Pour le parlementaire Liot, la "menace" du gouvernement d'interrompre le dialogue ne serait qu'un "bluff de circonstance, en tout cas nous le souhaitons". Et de poursuivre : "C’est peut-être le fait d’avoir cédé à la tension du moment, mais ce qui compte c'est de reprendre le dialogue à l'aune de ces nouvelles situations. Ce que nous souhaitons, c'est un accord politique. S'il y avait eu accord politique qui garantissait l'intérêt social des Corses, peut-être que nous aurions fait un pas de coté sur la motion de censure tout en étant contre la réforme des retraites."
"C'est la vie politique"
Sans rien nier des pressions, Paul-André Colombani ne dit pas autre chose. "C’est la vie politique. On va tous reprendre nos esprits. Je ne crois pas une minute que le processus de discussions puisse pâtir de cet épisode. Les problèmes dans la majorité ne peuvent pas aboutir à une mise en danger du processus. Ceux qui ont pu dire cela pensent avec un logiciel claniste", affirme t-il.
De son côté, le président du groupe Horizons Laurent Marcangeli se dit serein concernant la reprise du dialogue. "Moi, je défendrai la poursuite du dialogue. Je ne suis pas favorable au fait de le rompre au prétexte que mes trois collègues qui siègent aux groupe Liot ont voté la motion de censure parce que la Corse, elle mérite qu'on s'occupe d'elle et elle mérite que ce dialogue continue d'être mené", a t-il indiqué.

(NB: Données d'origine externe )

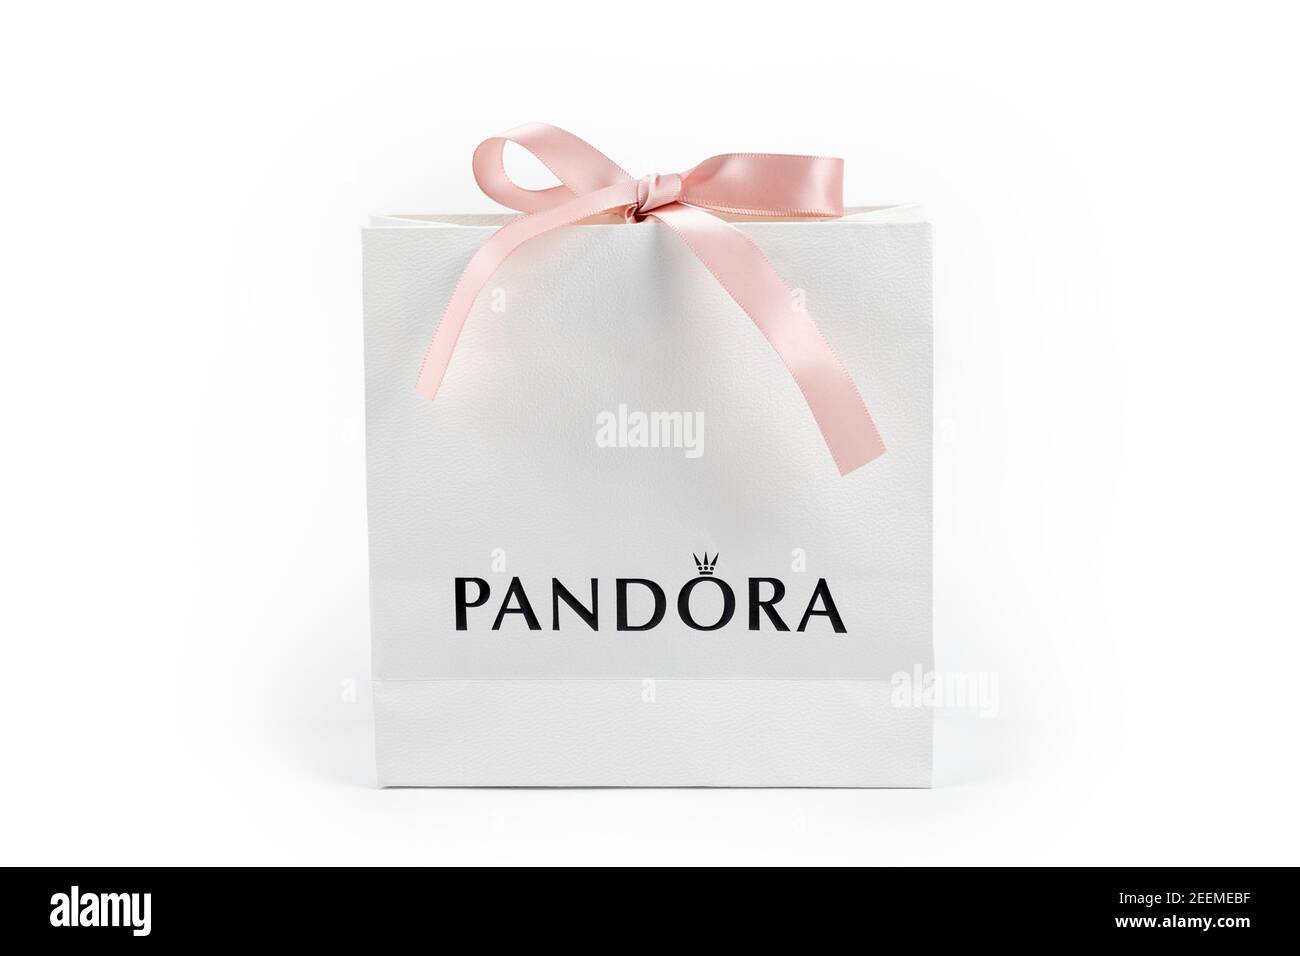 KYIV, UKRAINE - FEBRUARY 11, 2021: Pandora paper bag with pink bow and pink boxes. Famous for its bracelets charms brand is a manufacturer of jew Stock Photo - Alamy

Pour le député de Corse-du-Sud, il n'y a pas de "volonté de représailles de la part du gouvernement". Et d'ajouter : "Tout à l'heure, la Première ministre est venue à s'exprimer devant mon groupe et dans un aparté, elle m'a dit qu'elle comptait également me parler prochainement de la Corse, donc il n'y a pas de raison aujourd'hui qui justifierait qu'on abandonne le dialogue qui a commencé entre le gouvernement et les élus de la Corse".
Un gouvernement en sursis ?
Le processus de discussions est donc désormais tributaire de l’évolution de la situation politique nationale. Avec beaucoup d’interrogations : le gouvernement Borne est-il en sursis ? Gérald Darmanin restera t-il ministre de l’Intérieur et donc l’interlocuteur privilégié de la Corse ? Le président de la République finira t-il par prononcer la dissolution de l’Assemblée nationale ? Tout cela reste, pour l’heure, en suspens.
Emmanuel Macron avait fixé comme objectif un projet pour la Corse ficelé pour le 14 juillet, il est désormais plus probable qu’il soit renvoyé aux calendes grecques.